GOAL OF THE EXERCISE
When writing out the entries below, keep only the lines from the line with "Louis Vuitton Black" to the line with "SeaGrass grow logo mockup.", both included, exactly as they are, and leave the pictures aside.

RECORDS SUPPLIED
===

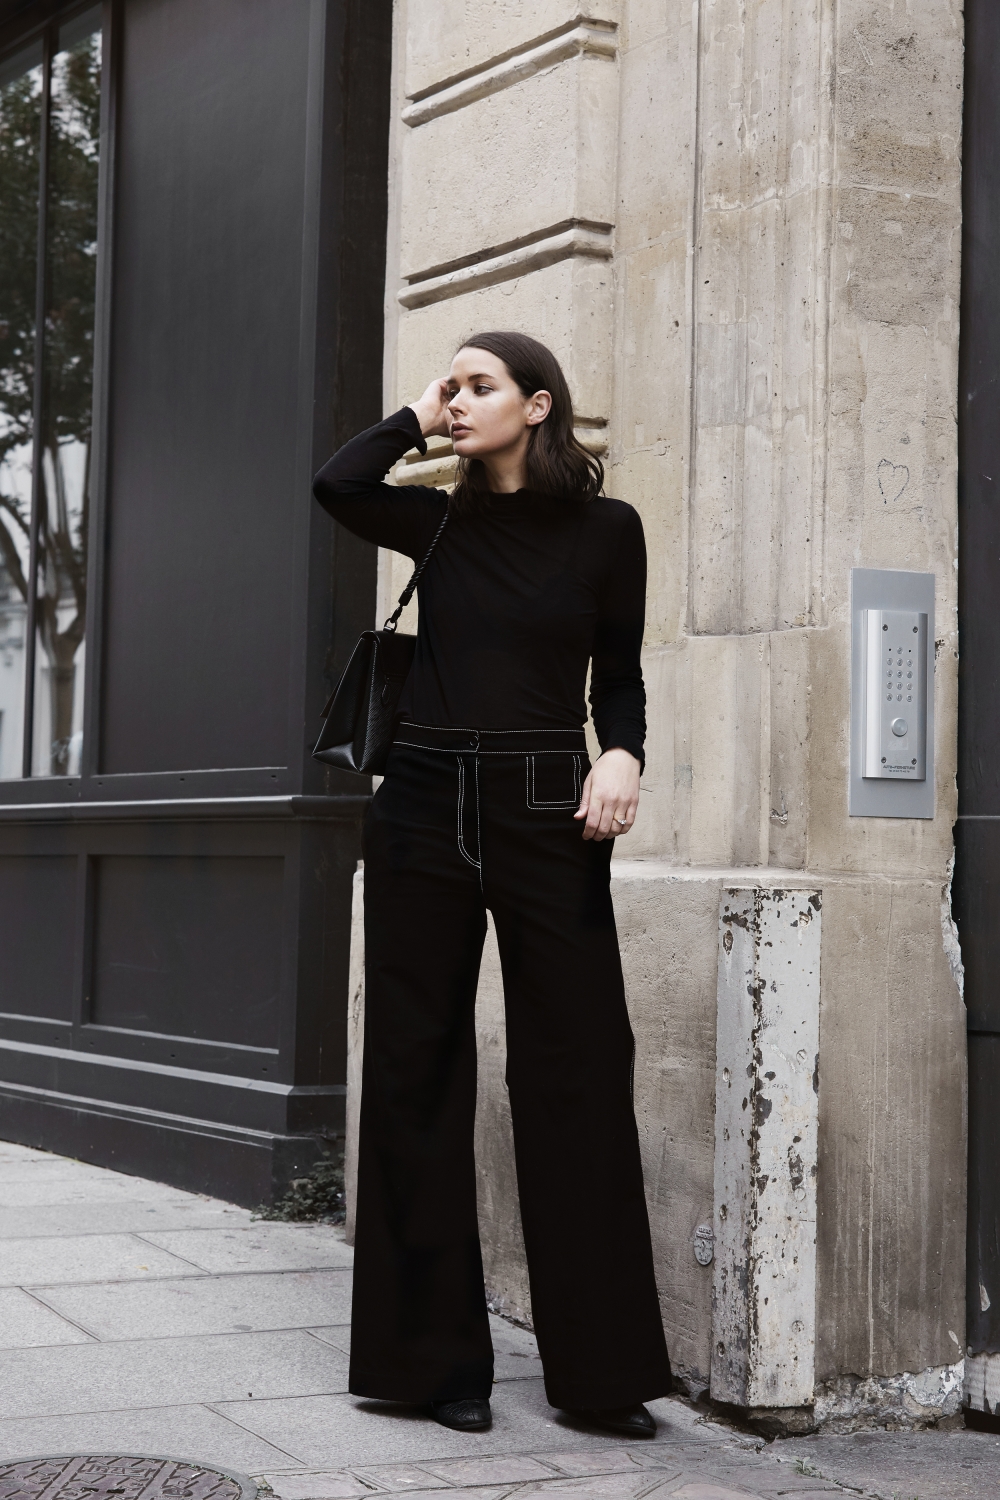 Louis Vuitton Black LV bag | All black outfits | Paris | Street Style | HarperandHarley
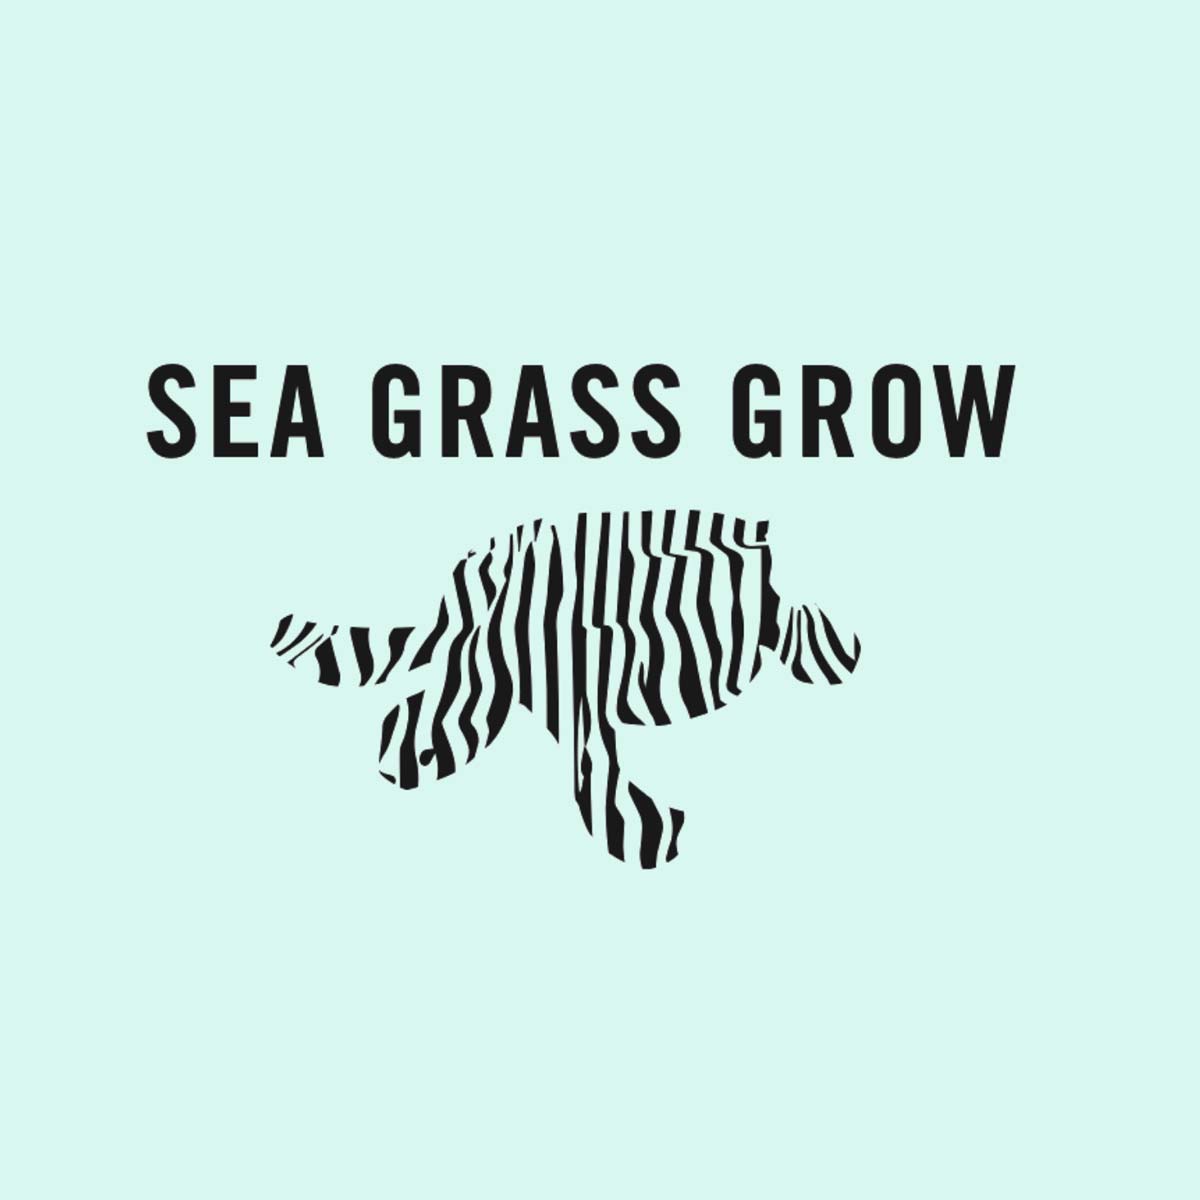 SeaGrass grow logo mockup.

===

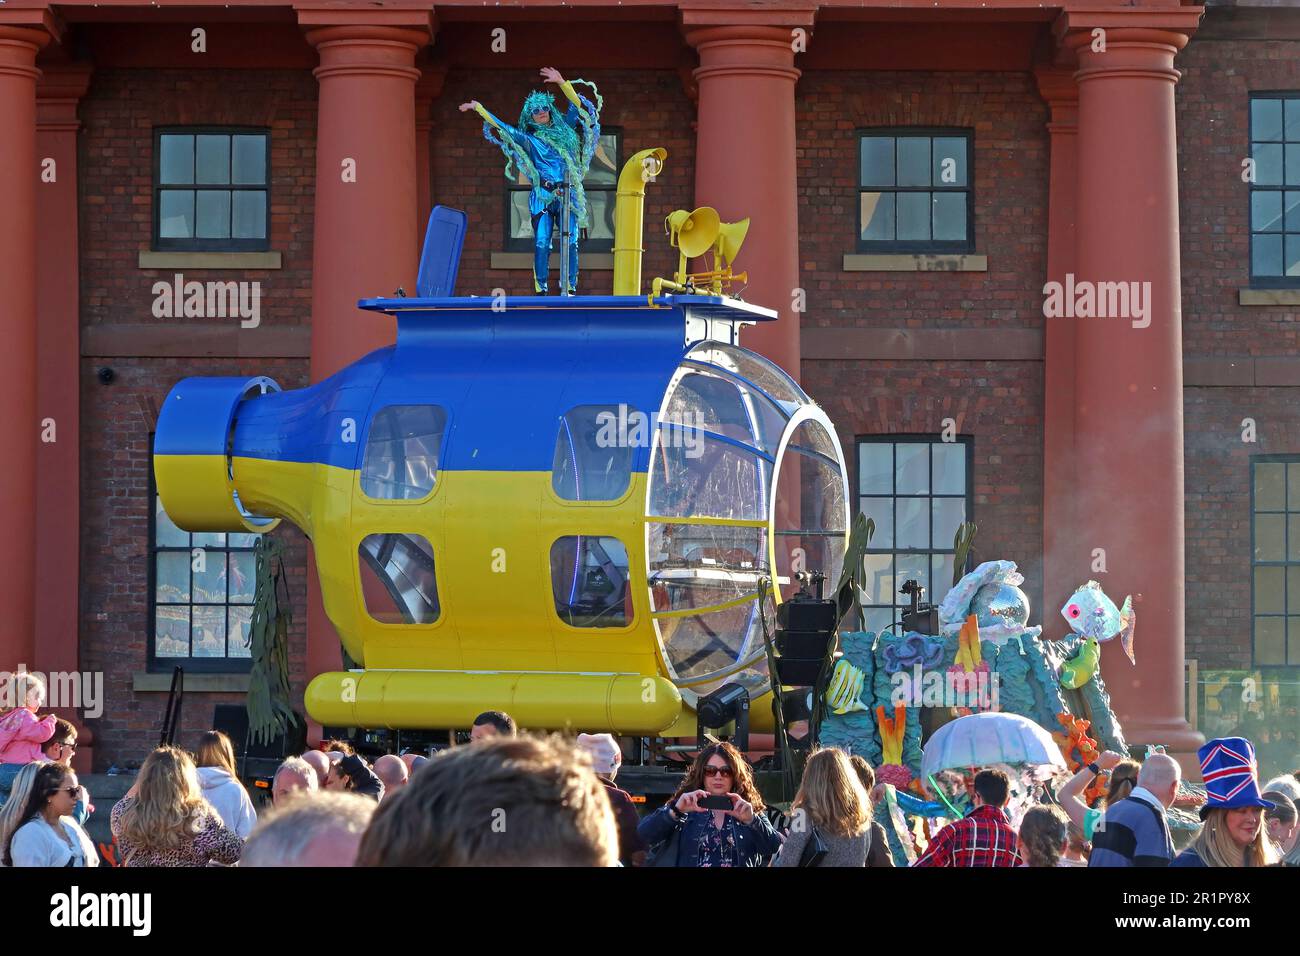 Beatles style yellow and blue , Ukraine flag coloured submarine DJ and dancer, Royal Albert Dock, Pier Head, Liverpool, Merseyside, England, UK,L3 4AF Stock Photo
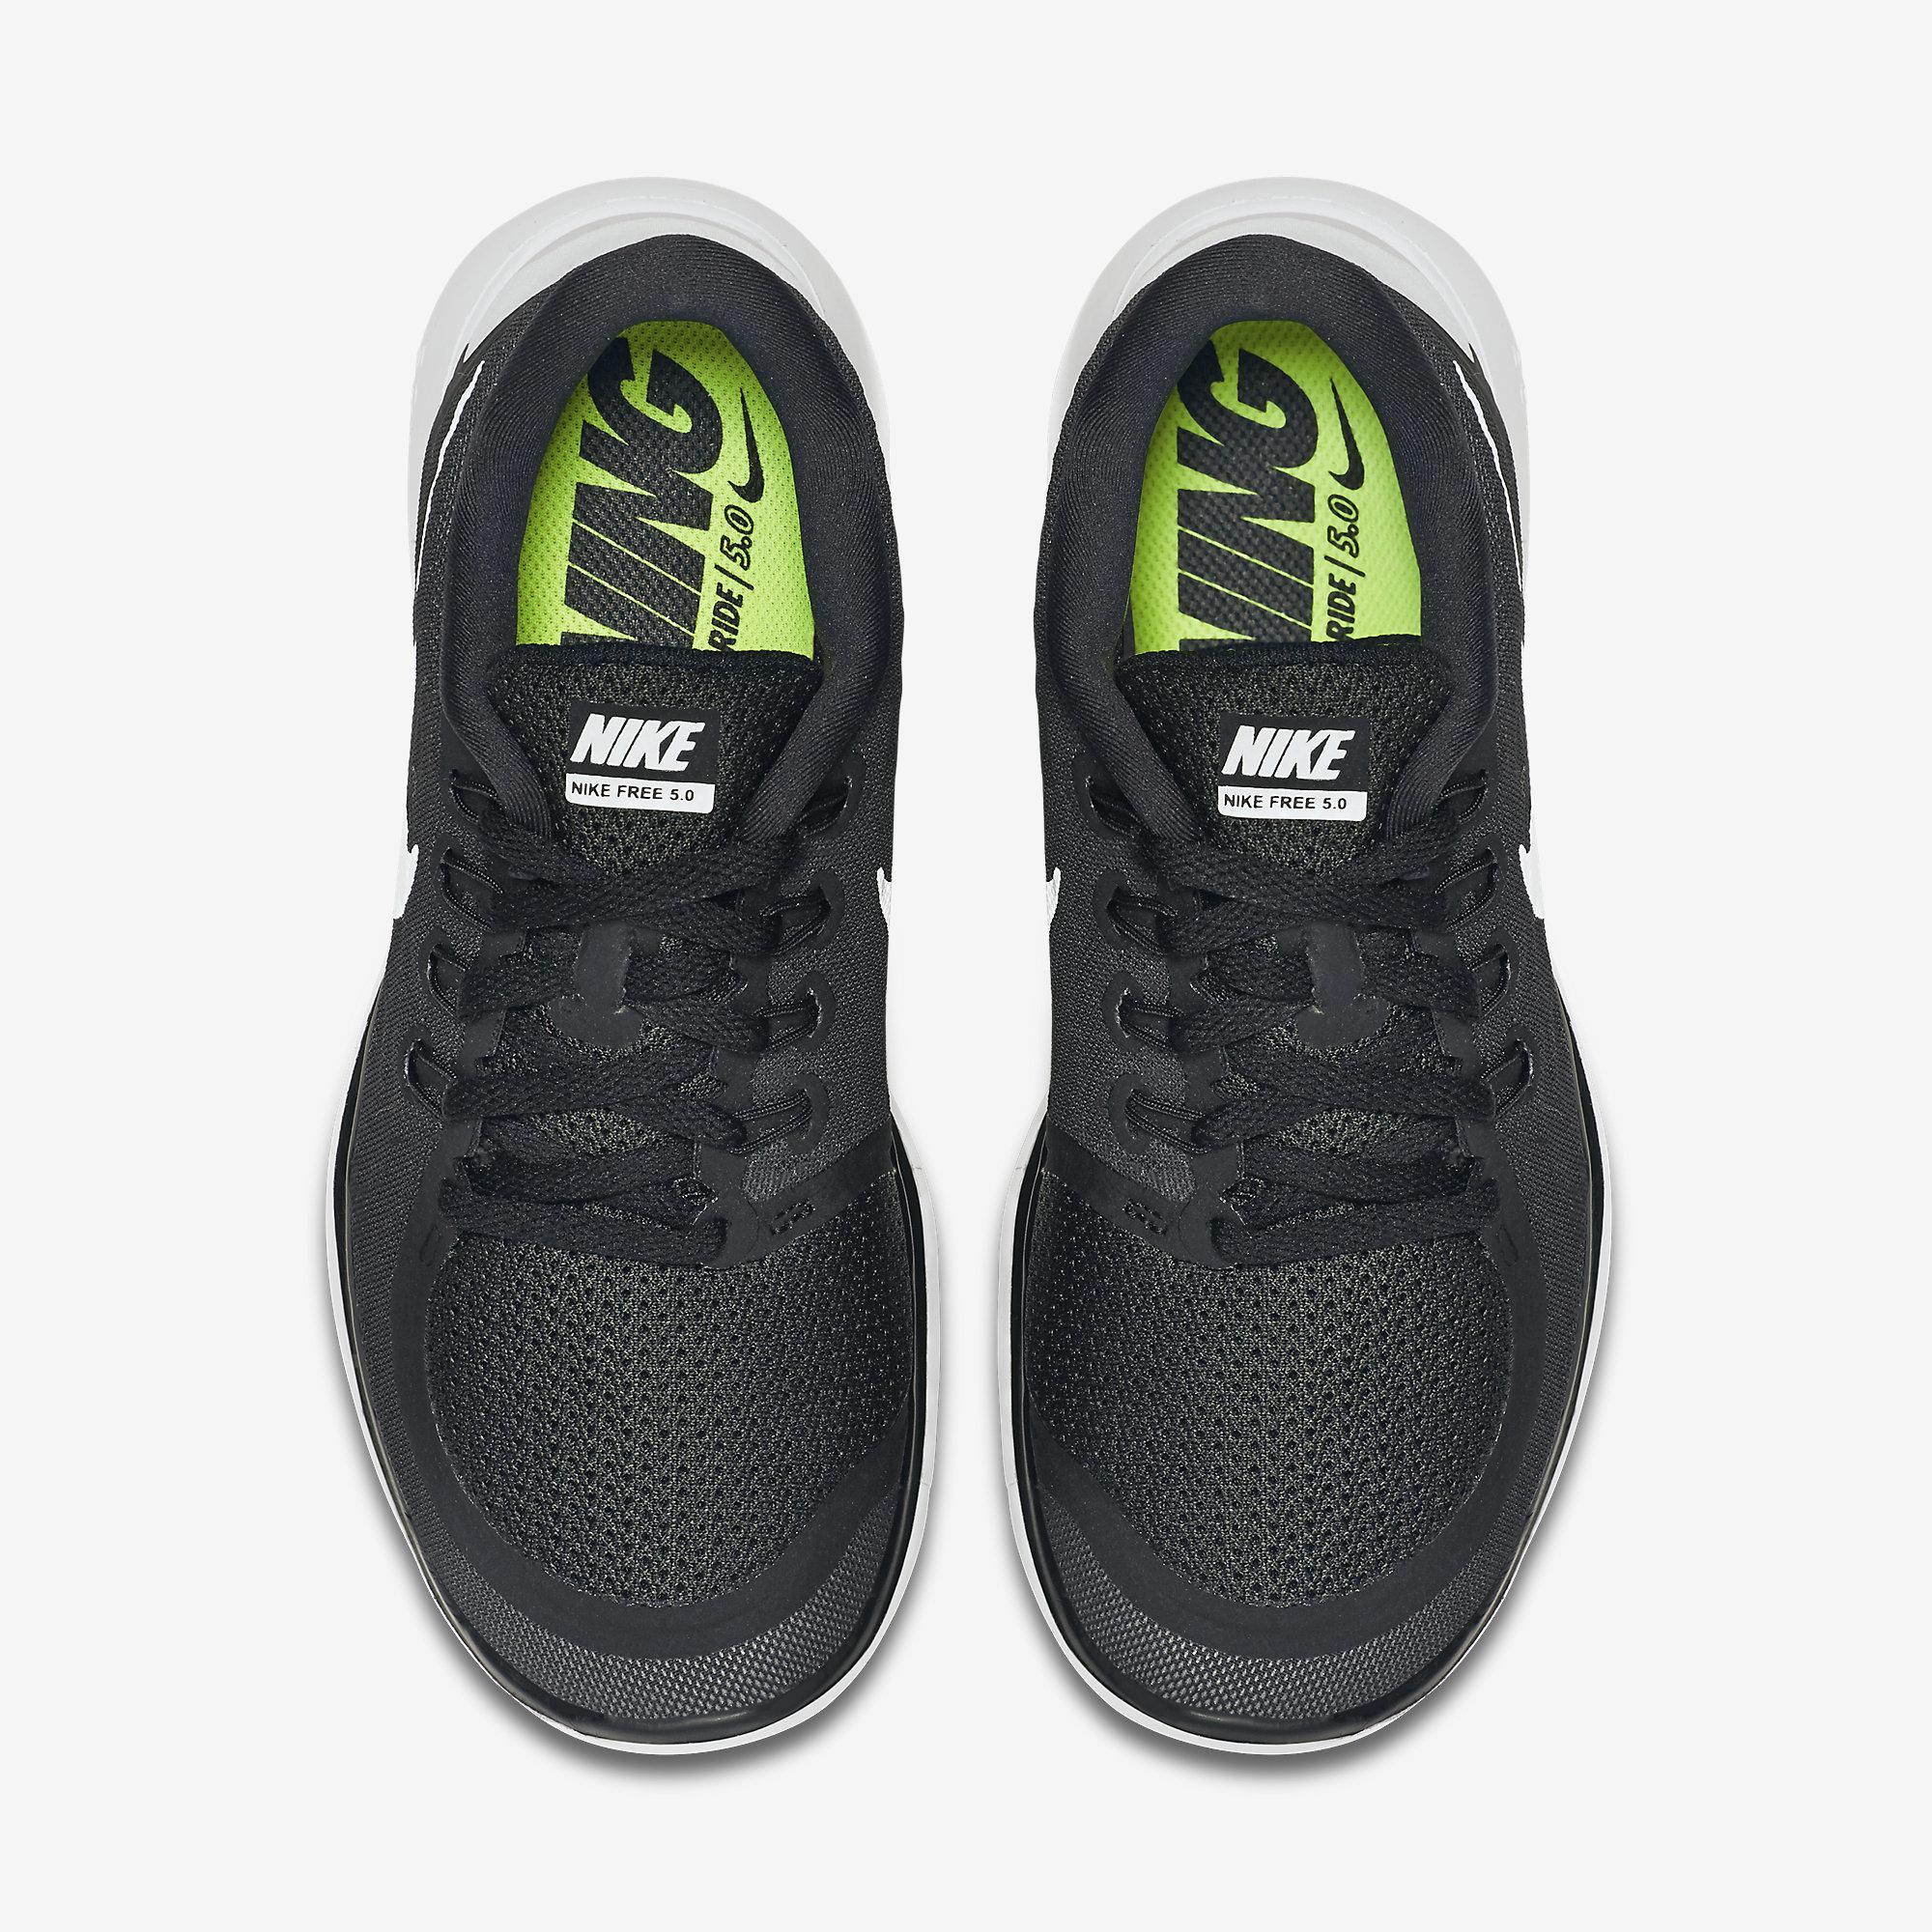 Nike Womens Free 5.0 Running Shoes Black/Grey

===

RESPONSE TO THIS EXERCISE
 Louis Vuitton Black LV bag | All black outfits | Paris | Street Style | HarperandHarley
 SeaGrass grow logo mockup.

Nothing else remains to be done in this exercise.